Eligibility: Unlike 401(k)s, which are employer-sponsored, traditional and Roth IRAs are open to those with a source of income.
Contribution Limits: For 2025, annual contribution limits for IRAs remain $7,000, or $8,000 if you qualify for catch-up contributions.
Simplified Employee Pension Plan (SEP IRA)
Plan Overview: The Simplified Employee Pension IRA serves as a retirement savings option that enables those who are self-employed to save a percentage of their net business profits. Contributions can only be made by an employer, so, as a independent business owner, you (the employee) are limited to contributions from the employer role more than the 25% you (the employer) already contributed. If you have employees, you must contribute the same amount for them as you do for yourself. You have the flexibility to contribute a set monetary value or a percentage of wages to employee accounts. A SEP IRA works well for companies with cycles of high revenue and low revenue. Compared to other retirement options, SEP IRAs are free of expensive setup or ongoing fees.
SEPs work like conventional IRAs, where contributions are made with pre-tax money and money withdrawn is subject to income tax.
Eligibility: Employers of any type, including self-employed individuals can establish a SEP.
Contribution Limits: Contribution limits for employees in a SEP IRA are capped at the lower of:
- 25% of compensation, or
- $70,000 for 2025
If you’re self-employed, the allowable contribution is based on a special calculation.
Solo 401(k)
Plan Overview: Solo 401(k)s, commonly known as an Individual 401(k) or one-participant 401(k) plan, is a self-employed retirement plan designed for businesses without employees or when the sole employee is your spouse. This type of plan are similar to traditional employer-managed 401(k) plans, and enable contributions as both an employee or an employer with pre-tax money. This allows for more savings versus SEPs or IRAs; however, the extra savings options can be balanced by more restricted investment choices. Using a solo 401(k), you can make either traditional or Roth deferrals, which offer the same tax benefits as their IRA contribution counterparts.

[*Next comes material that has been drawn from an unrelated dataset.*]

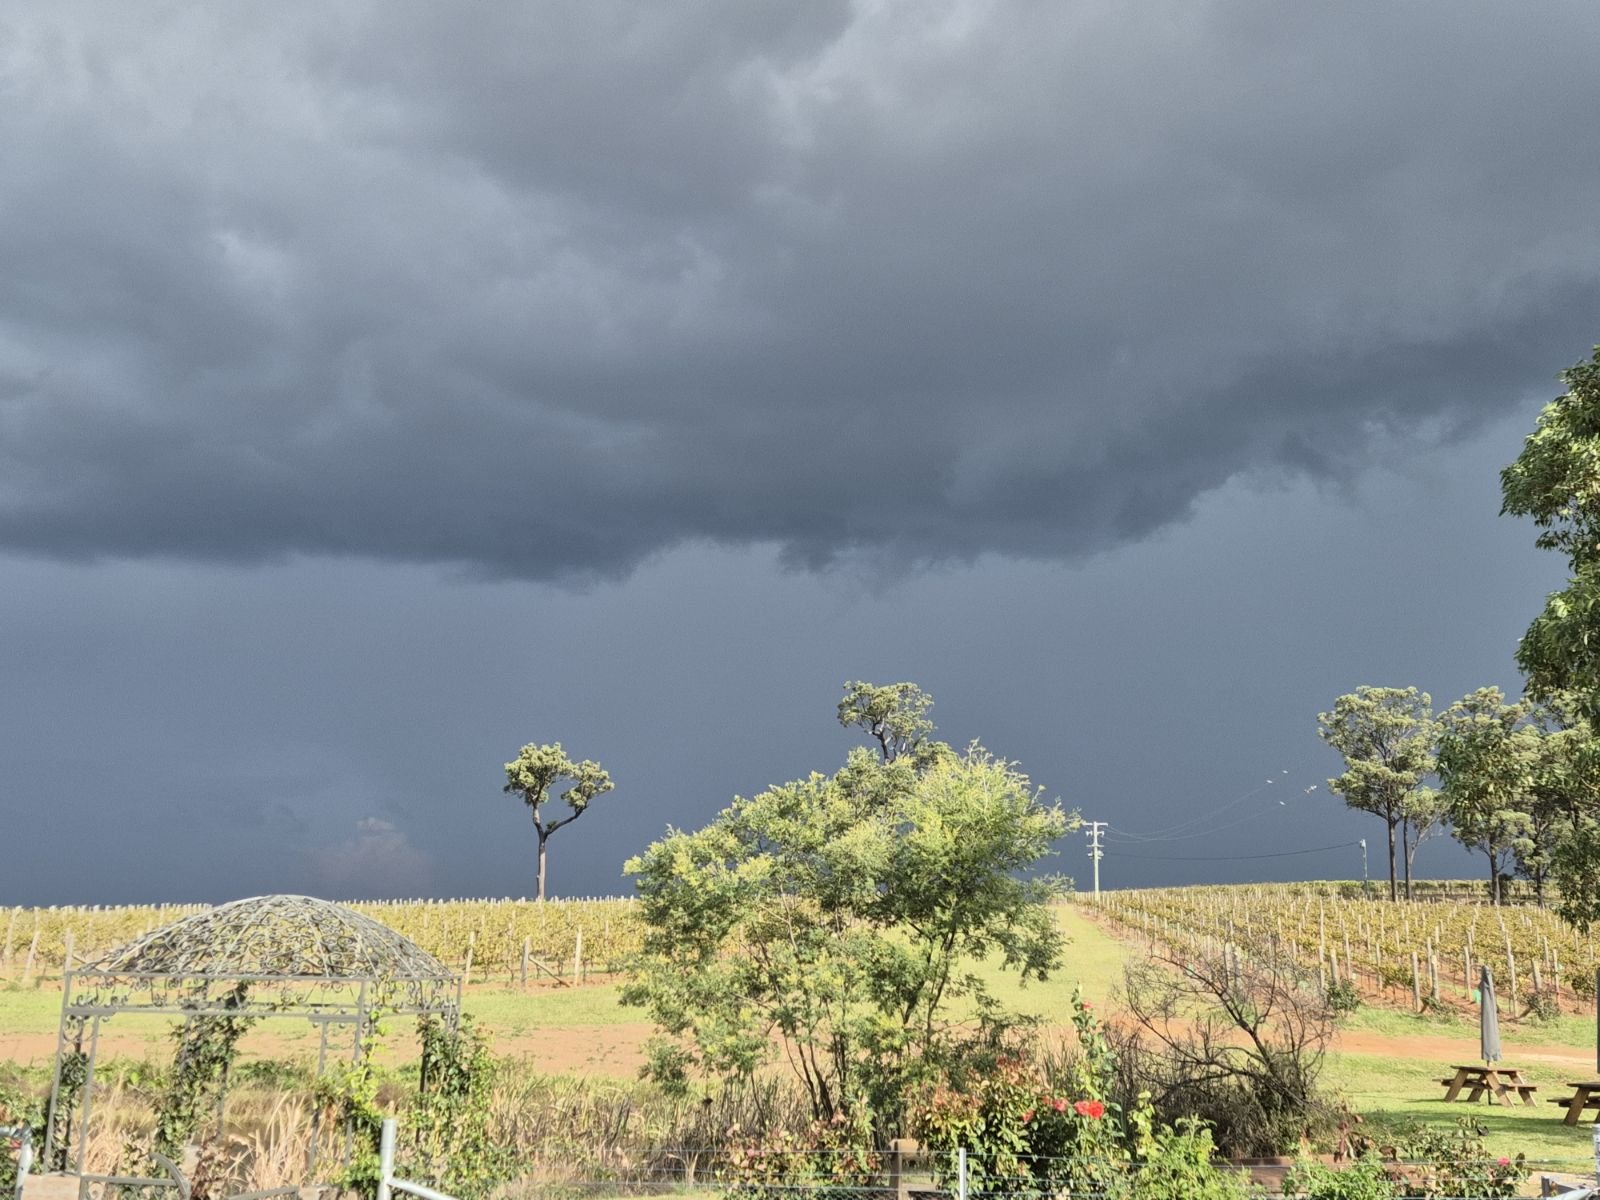 Watching the Storms roll in over the vines and veggie garden. Such an amazing time of year with the changes in weather.

 #huntervalleywinecountry #stormclouds #vineyardstorm

Eligibility: Only business owners and their spouses may establish and contribute to a solo 401(k).
Contribution Limits: For self-employed individuals with a solo 401(k) plan, you are allowed to make two types of contributions:
- Employee contributions of up to 100% of your self-employed earnings, capped at the annual contribution limit. The contribution limits for 2025 include $23,500, or $31,000 for those aged 50 and above, or $34,750 for individuals aged 60-63 in 2025.
- Profit-sharing contributions (as an employer) must not surpass 25% of your net earnings from self-employment, which is your net profit minus half of your self-employment tax and the elective deferrals you made.
Total contributions are capped at $70,000, or $77,500 for individuals aged 50+ (in 2025), $81,250 if you attain age 60-63 in 2025.
Individual Defined Benefit Plan
Plan Overview: A defined benefit plan offers a structured retirement solution that provides a set amount to self-employed individuals upon retirement. Unlike defined contribution plans mentioned above, a defined benefit plan doesn't fluctuate based on investment returns, but allows self-employed individuals to know the precise amount they'll get in retirement. This plan is recommended for higher-income entrepreneurs who want to save a large amount for retirement and are prepared to contribute substantial contributions. Contributions grow tax-free until withdrawal, and withdrawals are taxed as income in retirement.
Eligibility: Self-employed professionals operating a solo business or with less than five employees can open an individual defined benefit plan, but it's most commonly suggested for individuals aged 50+ who generate a minimum of $250,000 yearly. Typically, good candidates for defined benefit plans are:
- Partners or owners who want to invest more than $70,000 (or $77,500 for individuals 50 and older)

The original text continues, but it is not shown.